Salieron todos. Por los pasillos y las escaleras iban y venían,
subían y bajaban, peregrinos ejemplares de todo linaje, edad, sexo y
condición, ataviados de manera inusitada y polícroma. El aire estaba
espeso con aromas de tocador y efluvios zoológicos, y dentro de él
temblaban derretidos cuchicheos, risas, voces y ladridos de canes.
Al pie de la escalera había una gran estufa, al rojo, que despedía
un calor plutónico, y en torno de ella un corrillo de bailarinas,
farsantes, titiriteros y el clown Spechio, la mayor parte en mallas o
con sucintas galas escénicas, y sobre los hombros chales, mantones,
abrigos, batas.
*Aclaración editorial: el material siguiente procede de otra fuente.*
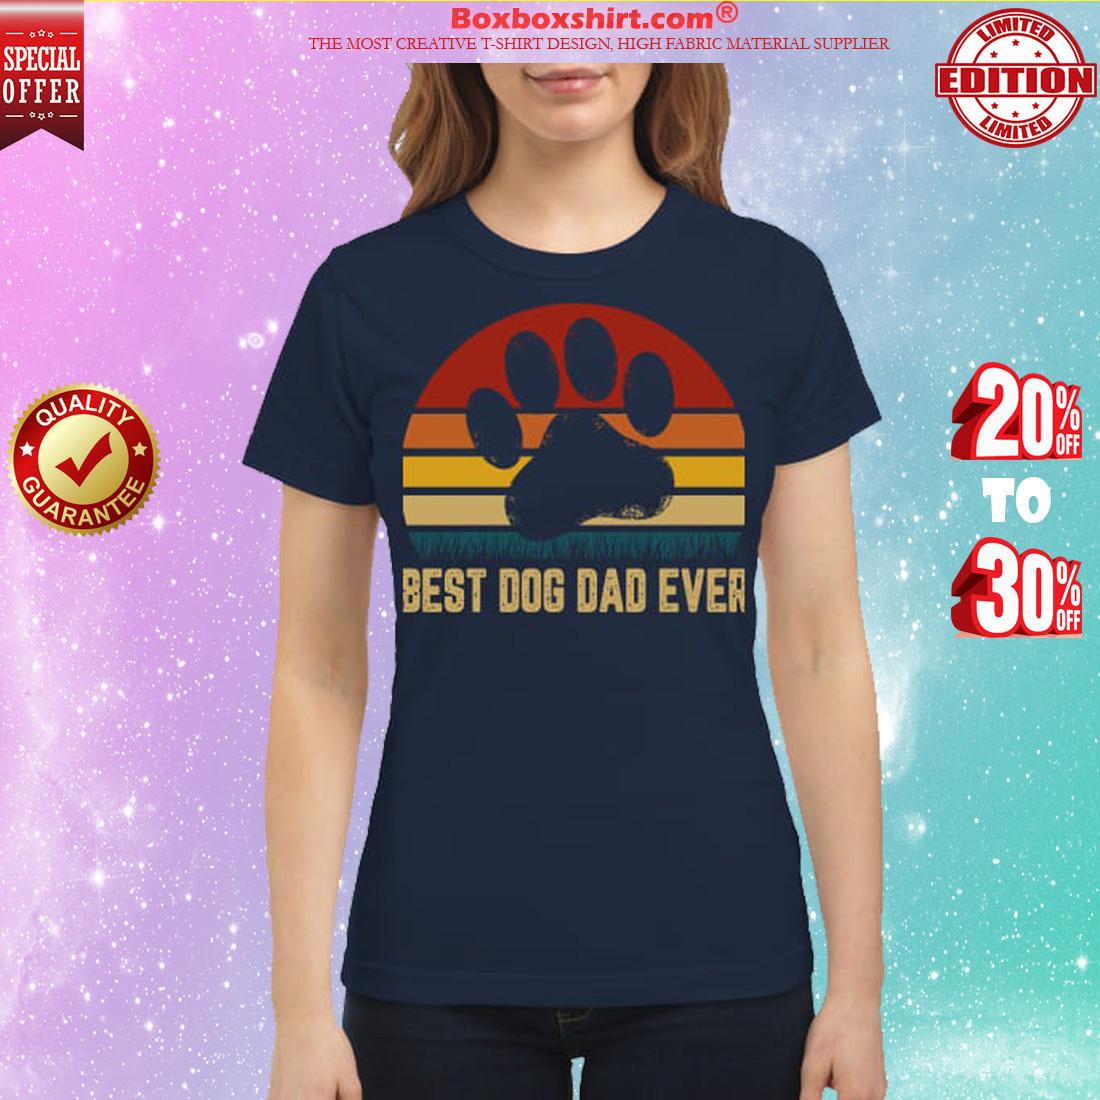 Best dog dad ever classic shirt

Dos metros alongados de este corrillo estaban las
Petunias, dos jovencitas, la una delgaducha, alta y tiesa, la otra
pequeñuela, acogolladita y muy dengosa, vestidas todo de rojo, la
falda hasta el gozne de la rodilla. Las acompañaba don Jovino, el
empresario, conocido en el mundo de los holgorios madrileños por dos
remoquetes: _el Obispo retirado y el Fraile motilón_. Teófilo y Alberto
se acercaron a saludarle. Era don Jovino hombre obeso, como sus alias
hacían presumir, y de muy altas miras, no porque sus ideales morales
fueran elevados, sino por el extraño modo con que la cabeza encajaba
en el torso, caída hacia la espalda y de manera que se veía forzado a
mirar siempre al cielo o al cielo raso. La primera cosa de don Jovino
que acaparaba la atención, y lo que después continuaba acaparándola,
era el vientre, como acontece con algunos ídolos búdicos, y también,
como con tales ídolos acontece, cráneo, brazos y piernas parecían
desarticulados del corpachón, o estaban articulados malamente y en
sitios inadecuados o absurdos. Aun viéndole en pie se creía verle
en cuclillas, tal era la exigüidad de sus extremidades abdominales,
plegadas, por otra parte, en actitud fetal. Y no solo su facha, sino
además su conducta, tenía la serenidad idiótica de los ídolos. Rara
vez se molestaba en informarse de lo que alrededor suyo sucedía,
ni se dignaba intervenir en las conversaciones o responder si se le
preguntaba algo. Era rico, manirroto y mujeriego.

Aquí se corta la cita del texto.